So I think that's still where I'll wrestle a little bit with losing that search term data because I still see it. But genuinely, what you've been communicating, some of this has been a long process for me, really wrestling with this stuff, and thinking through this, and understanding the way that algorithms work. And realizing in a humbling way, gosh, there's a lot happening out there that I could never do at an auction time thing too. 

So trying to keep all that in mind, but also wrestling with the true intent of search has always been around that individual communicating to us. And that's got to be a stronger signal. And so it's got to be a fairly important part of the whole mix, which is also why then having that data can inform other things so well. Because, man, if we can see that over the last six months, for all the other signal reasons, a million people typed in this keyword and purchased. Yeah, there's a lot of other signals, but that amount of people, they all typed in that search term, we probably better make a landing page for that. And so to that point of utilizing it for broader business applications. That's my unformed, still wrestling with some of that thoughts. 

Patrick Gilbert: I completely agree with that. And I think that what is actually happening is that there's still a lot of weight placed on the search term. I still think that's the primary signal. But I think what is also happening is that there's a lot of value in more broad, other keywords that you can't really tell how good they are for your business. And if you're experimenting with dynamic search, this is where this was a big eye-opener for me in seeing the value of competitor keywords, something that I'd really never seen success with in the past. 

All of a sudden, they start showing up in dynamic search and converting in a profitable way. And then thinking through what's happening on the back end. And it's likely that that person was searching for a number of different things over the course of a week, and then at that point, searched for a competitor and we showed an ad and they actually converted on our site. And normally, if I was just looking at that one individual keyword, I would probably say it was bad.
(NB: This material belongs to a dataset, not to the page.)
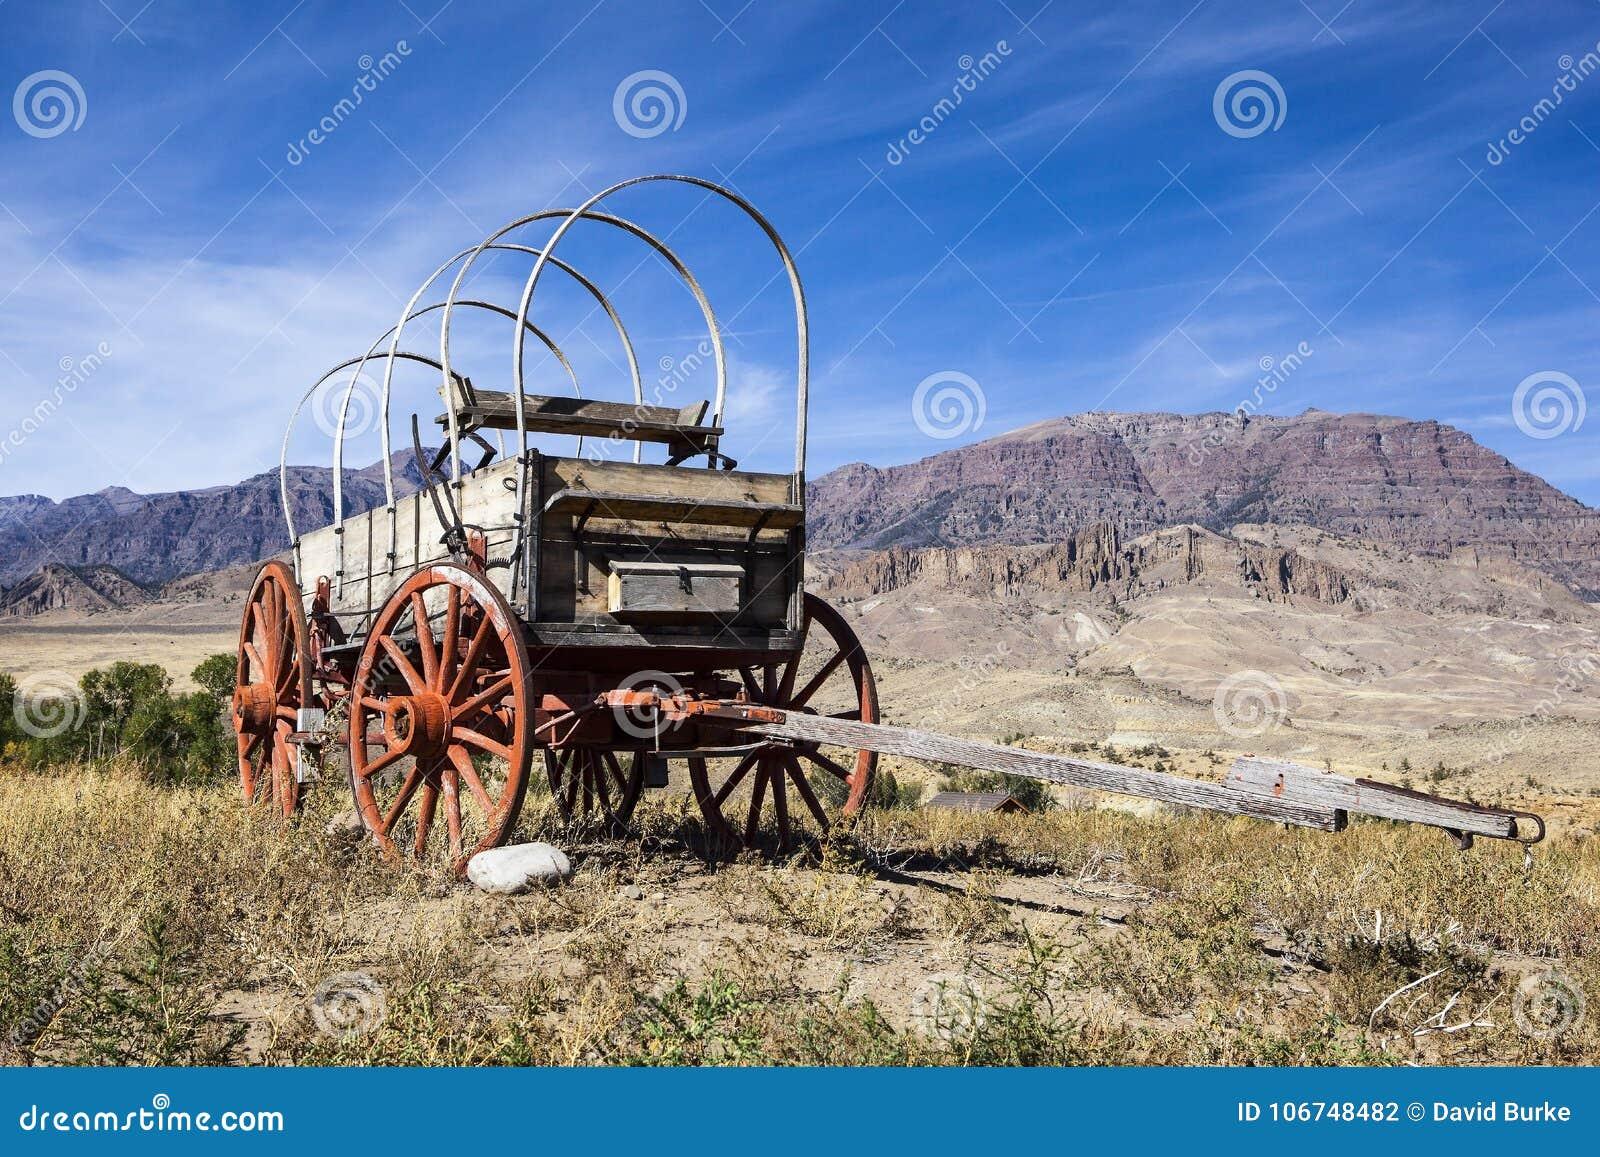 Western Covered Wood Wagon Mountains Stock Photo Image Of Badlands Landscape 106748482

But Google knows a lot more about what's happening when that specific keyword is being searched. And I think that's where the additional data comes in. 

I think we can all agree that life bottom-funnel keywords are the most valuable thing for us to be able to leverage. And your point about making landing pages; that's something that we've done. And losing that ability is something that I really have not even fully come to grips with because it's been so valuable to us. But I think that expanding reach is really where the value comes. 
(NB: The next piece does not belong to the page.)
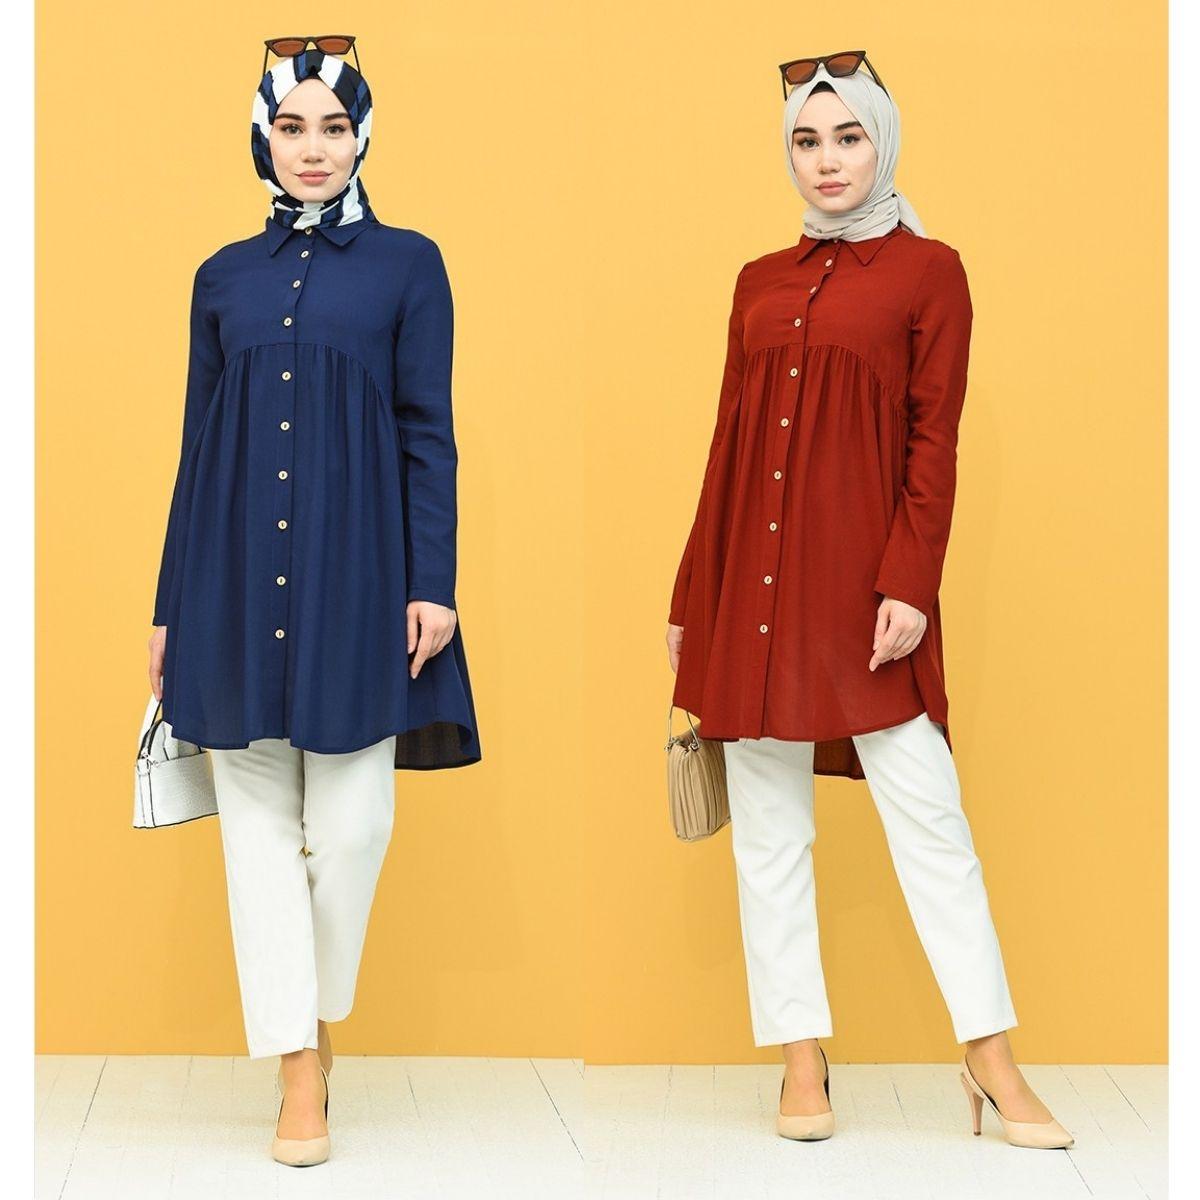 Gathered Buttons Tunic Unlined Long Sleeve Shirt Collar Seasonal Casual Women Muslim Fashion Hijab Wears Casual Stylish Elegants

Kirk Williams: Yeah, I think that's a great point. And we've been experimenting with exactly that. And I've been sitting surprised how well the DSA straight broad match when we are also given it more aggressively, "Hey, stick to this ROAS goal, things like that. And I think, to your point, that's because Google is wisely using all of those other signals to say, "You normally never would have bid on this keyword."

And to be fair with the old system, that's because it wouldn't have worked Because if we're just bidding on that keyword, we're just getting everyone losing a lot of money. And now Google's saying, "Sometimes when they if this person types in this because they want to buy 4,000, Kansas spindrift, or whatever it might be." To your point in the books. See, I did read the book, not totally done with it yet. 

But anyway, I think that's a great valid point. And that is especially where I love the idea of all those other signals being used because it is helping you find exactly keywords that maybe you never would have assumed worked, or the reason why they're working is that all that other stuff is included. I just want both.

Patrick Gilbert: I know. I totally agree. Mike, anything to add to this point?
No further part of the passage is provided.